=== Begin Enclosure ===

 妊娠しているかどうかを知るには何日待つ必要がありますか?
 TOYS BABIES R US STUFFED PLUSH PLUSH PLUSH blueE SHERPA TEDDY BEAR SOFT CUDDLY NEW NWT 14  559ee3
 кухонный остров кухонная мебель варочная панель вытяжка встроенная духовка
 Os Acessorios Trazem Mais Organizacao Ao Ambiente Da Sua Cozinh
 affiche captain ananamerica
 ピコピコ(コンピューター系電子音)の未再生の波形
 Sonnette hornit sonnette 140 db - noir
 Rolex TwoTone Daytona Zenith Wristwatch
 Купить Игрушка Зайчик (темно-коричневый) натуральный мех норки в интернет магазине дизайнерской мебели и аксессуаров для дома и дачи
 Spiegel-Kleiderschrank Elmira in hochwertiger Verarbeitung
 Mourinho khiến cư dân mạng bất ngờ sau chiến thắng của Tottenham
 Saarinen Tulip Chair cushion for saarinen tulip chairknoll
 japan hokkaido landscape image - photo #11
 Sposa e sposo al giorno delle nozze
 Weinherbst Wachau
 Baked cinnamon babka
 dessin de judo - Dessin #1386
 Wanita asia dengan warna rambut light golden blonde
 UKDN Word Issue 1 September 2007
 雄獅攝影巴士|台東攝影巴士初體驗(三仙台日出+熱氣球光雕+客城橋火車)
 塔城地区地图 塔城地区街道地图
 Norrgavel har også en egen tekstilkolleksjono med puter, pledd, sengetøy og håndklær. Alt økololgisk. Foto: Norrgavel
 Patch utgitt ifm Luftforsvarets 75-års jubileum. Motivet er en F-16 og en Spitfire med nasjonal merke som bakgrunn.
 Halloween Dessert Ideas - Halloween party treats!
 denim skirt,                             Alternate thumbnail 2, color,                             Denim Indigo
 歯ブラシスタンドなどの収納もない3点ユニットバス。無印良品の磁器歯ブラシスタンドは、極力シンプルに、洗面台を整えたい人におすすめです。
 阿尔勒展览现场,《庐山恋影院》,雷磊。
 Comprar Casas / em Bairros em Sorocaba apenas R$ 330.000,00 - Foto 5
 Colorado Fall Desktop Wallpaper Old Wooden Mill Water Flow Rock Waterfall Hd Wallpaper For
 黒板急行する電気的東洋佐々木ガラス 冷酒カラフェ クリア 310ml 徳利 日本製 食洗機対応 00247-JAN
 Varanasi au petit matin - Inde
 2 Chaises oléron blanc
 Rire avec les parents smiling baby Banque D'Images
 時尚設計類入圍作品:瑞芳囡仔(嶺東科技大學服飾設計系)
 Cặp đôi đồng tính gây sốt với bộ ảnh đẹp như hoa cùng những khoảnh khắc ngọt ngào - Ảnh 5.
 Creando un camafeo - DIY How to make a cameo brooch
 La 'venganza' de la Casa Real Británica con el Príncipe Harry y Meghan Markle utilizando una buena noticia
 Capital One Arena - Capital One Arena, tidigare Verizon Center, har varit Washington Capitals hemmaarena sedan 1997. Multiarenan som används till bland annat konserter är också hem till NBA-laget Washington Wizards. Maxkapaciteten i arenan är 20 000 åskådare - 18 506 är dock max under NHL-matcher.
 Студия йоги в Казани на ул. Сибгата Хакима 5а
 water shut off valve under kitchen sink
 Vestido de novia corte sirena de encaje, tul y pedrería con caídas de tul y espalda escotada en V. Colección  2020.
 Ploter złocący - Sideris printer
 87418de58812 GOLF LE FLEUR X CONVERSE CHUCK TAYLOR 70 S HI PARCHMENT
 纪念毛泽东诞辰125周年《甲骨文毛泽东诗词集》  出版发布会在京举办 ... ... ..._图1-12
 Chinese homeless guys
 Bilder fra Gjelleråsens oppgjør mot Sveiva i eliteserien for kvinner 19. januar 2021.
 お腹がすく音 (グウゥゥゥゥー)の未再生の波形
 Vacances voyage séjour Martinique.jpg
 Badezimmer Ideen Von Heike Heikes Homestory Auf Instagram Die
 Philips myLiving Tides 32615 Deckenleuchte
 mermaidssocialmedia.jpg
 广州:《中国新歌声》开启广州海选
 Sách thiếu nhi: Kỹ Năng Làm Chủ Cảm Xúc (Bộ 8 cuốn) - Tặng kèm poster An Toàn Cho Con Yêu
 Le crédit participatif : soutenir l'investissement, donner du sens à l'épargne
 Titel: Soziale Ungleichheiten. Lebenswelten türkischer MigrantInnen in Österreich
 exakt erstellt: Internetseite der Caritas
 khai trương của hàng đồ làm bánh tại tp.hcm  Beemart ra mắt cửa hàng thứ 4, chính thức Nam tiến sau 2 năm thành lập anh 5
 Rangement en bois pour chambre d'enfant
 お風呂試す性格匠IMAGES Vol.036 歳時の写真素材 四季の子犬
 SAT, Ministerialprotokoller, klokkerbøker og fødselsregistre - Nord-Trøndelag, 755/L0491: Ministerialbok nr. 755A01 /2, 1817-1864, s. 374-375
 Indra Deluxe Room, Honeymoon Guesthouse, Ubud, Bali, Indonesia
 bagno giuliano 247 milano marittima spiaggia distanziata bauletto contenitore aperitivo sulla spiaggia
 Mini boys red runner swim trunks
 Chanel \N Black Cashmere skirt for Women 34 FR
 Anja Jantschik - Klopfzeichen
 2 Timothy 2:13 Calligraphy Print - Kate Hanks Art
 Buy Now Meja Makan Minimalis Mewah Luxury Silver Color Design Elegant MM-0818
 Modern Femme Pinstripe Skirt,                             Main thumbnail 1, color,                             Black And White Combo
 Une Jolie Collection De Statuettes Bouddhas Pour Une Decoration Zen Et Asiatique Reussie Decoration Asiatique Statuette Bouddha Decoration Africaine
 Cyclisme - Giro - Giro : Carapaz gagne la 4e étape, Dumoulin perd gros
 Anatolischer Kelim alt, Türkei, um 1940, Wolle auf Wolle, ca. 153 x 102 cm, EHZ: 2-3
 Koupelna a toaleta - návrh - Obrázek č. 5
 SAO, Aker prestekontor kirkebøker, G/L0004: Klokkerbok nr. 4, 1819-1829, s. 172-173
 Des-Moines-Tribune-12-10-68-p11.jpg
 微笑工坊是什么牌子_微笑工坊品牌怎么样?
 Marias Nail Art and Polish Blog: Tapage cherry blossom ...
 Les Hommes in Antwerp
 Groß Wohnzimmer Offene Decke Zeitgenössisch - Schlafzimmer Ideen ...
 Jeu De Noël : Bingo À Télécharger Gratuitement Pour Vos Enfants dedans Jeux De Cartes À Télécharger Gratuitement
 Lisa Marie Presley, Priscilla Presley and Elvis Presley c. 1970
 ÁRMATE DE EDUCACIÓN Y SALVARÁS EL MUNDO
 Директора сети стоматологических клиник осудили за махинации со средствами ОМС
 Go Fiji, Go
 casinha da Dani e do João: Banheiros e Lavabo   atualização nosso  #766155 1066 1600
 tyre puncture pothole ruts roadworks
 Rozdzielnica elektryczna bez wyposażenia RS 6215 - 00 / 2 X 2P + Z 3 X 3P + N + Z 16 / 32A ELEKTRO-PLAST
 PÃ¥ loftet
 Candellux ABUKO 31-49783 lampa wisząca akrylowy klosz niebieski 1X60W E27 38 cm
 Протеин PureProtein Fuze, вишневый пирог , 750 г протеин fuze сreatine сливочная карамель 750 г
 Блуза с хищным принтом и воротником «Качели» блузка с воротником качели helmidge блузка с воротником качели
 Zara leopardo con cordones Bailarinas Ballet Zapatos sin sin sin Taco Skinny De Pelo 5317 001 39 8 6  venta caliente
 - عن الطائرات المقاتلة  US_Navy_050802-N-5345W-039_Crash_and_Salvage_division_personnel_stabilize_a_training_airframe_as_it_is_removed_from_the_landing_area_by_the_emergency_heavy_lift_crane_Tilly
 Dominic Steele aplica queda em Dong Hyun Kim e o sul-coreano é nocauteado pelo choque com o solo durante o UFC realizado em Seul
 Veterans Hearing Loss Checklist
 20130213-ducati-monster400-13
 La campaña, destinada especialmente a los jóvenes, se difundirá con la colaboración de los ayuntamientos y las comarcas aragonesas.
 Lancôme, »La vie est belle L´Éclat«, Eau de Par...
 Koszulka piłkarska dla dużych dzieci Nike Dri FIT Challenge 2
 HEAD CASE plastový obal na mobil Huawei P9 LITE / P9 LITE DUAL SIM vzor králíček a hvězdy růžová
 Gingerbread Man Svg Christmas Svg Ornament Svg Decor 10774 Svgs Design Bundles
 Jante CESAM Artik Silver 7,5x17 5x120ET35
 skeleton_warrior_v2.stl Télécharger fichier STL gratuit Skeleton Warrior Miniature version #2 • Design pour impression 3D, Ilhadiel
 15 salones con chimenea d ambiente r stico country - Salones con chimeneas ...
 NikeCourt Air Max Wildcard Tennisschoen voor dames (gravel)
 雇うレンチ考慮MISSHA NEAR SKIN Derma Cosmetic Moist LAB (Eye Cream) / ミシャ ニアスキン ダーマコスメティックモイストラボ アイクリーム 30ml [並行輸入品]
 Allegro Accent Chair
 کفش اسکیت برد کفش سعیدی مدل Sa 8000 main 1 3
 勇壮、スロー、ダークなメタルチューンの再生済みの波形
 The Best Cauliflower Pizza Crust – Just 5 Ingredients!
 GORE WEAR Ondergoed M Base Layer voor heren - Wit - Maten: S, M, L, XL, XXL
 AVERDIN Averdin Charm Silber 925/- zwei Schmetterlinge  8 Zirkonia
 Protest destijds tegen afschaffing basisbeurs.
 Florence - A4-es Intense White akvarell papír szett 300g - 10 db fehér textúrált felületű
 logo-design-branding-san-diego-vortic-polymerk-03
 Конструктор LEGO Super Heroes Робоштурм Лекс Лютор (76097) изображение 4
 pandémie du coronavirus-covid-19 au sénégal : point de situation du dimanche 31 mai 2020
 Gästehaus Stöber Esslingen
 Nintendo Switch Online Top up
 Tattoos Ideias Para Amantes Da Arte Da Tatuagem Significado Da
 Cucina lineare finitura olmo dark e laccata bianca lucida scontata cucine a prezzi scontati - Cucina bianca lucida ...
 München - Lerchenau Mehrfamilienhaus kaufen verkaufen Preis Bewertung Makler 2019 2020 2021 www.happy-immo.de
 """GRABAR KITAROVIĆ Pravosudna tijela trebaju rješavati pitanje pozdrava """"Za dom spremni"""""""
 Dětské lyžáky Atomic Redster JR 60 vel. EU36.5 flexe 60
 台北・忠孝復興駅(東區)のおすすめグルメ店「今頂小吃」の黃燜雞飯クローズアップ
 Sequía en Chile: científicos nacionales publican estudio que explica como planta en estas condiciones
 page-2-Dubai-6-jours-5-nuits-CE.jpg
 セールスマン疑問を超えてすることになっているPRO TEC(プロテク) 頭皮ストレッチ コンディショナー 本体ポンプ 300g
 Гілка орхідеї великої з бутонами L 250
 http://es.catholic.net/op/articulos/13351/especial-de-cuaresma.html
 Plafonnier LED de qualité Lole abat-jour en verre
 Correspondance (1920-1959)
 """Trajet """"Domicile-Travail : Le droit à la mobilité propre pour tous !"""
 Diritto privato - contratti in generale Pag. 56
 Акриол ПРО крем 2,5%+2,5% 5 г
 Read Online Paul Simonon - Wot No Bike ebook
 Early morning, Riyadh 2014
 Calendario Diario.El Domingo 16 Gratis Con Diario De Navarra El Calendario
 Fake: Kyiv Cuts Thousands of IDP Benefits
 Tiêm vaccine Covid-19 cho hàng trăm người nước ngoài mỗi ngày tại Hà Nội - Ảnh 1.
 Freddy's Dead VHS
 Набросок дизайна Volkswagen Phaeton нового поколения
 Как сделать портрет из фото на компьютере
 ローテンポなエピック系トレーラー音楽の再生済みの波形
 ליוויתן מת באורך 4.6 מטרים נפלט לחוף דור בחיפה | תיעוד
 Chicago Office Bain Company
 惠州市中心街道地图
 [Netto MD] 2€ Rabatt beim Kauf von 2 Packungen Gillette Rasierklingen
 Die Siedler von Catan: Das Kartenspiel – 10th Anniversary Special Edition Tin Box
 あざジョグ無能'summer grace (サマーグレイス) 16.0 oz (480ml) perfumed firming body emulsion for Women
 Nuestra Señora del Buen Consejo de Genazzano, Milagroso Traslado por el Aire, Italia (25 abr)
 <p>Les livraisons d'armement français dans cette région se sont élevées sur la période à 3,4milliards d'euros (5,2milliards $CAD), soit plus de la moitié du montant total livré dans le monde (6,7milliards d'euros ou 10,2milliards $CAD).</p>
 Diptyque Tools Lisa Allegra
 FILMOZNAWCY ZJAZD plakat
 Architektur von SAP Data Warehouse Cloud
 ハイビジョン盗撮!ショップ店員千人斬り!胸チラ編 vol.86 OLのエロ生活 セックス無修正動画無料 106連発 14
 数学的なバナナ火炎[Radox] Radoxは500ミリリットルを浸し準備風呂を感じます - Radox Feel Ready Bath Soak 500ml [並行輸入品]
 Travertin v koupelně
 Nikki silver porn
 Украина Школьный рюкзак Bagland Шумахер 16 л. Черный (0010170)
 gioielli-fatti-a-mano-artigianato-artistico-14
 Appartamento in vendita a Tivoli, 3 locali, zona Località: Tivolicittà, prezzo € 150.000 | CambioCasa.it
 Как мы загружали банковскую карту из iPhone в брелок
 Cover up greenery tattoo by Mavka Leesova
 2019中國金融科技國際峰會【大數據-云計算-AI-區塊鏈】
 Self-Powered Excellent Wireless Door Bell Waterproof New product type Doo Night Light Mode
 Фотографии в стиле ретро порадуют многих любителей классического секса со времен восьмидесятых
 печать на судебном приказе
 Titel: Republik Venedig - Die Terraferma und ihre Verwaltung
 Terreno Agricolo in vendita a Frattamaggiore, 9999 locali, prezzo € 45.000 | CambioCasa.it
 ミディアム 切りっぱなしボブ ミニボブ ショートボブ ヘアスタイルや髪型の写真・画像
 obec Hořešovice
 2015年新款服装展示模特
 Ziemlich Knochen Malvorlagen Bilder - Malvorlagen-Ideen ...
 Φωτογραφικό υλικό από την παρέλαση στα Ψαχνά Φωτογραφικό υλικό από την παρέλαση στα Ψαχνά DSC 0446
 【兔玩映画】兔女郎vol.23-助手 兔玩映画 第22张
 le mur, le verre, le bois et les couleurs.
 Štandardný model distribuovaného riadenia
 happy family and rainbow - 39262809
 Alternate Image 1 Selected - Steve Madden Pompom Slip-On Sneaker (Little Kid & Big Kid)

=== End Enclosure ===

## WHAT YOU NEED TO DO
Reproduce word for word the material above, beginning with the line that contains "Chinese homeless guys" and ending with the line that contains "Titel: Soziale Ungleichheiten.".

## THE COMPLETED TASK
 Chinese homeless guys
 Bilder fra Gjelleråsens oppgjør mot Sveiva i eliteserien for kvinner 19. januar 2021.
 お腹がすく音 (グウゥゥゥゥー)の未再生の波形
 Vacances voyage séjour Martinique.jpg
 Badezimmer Ideen Von Heike Heikes Homestory Auf Instagram Die
 Philips myLiving Tides 32615 Deckenleuchte
 mermaidssocialmedia.jpg
 广州:《中国新歌声》开启广州海选
 Sách thiếu nhi: Kỹ Năng Làm Chủ Cảm Xúc (Bộ 8 cuốn) - Tặng kèm poster An Toàn Cho Con Yêu
 Le crédit participatif : soutenir l'investissement, donner du sens à l'épargne
 Titel: Soziale Ungleichheiten. Lebenswelten türkischer MigrantInnen in Österreich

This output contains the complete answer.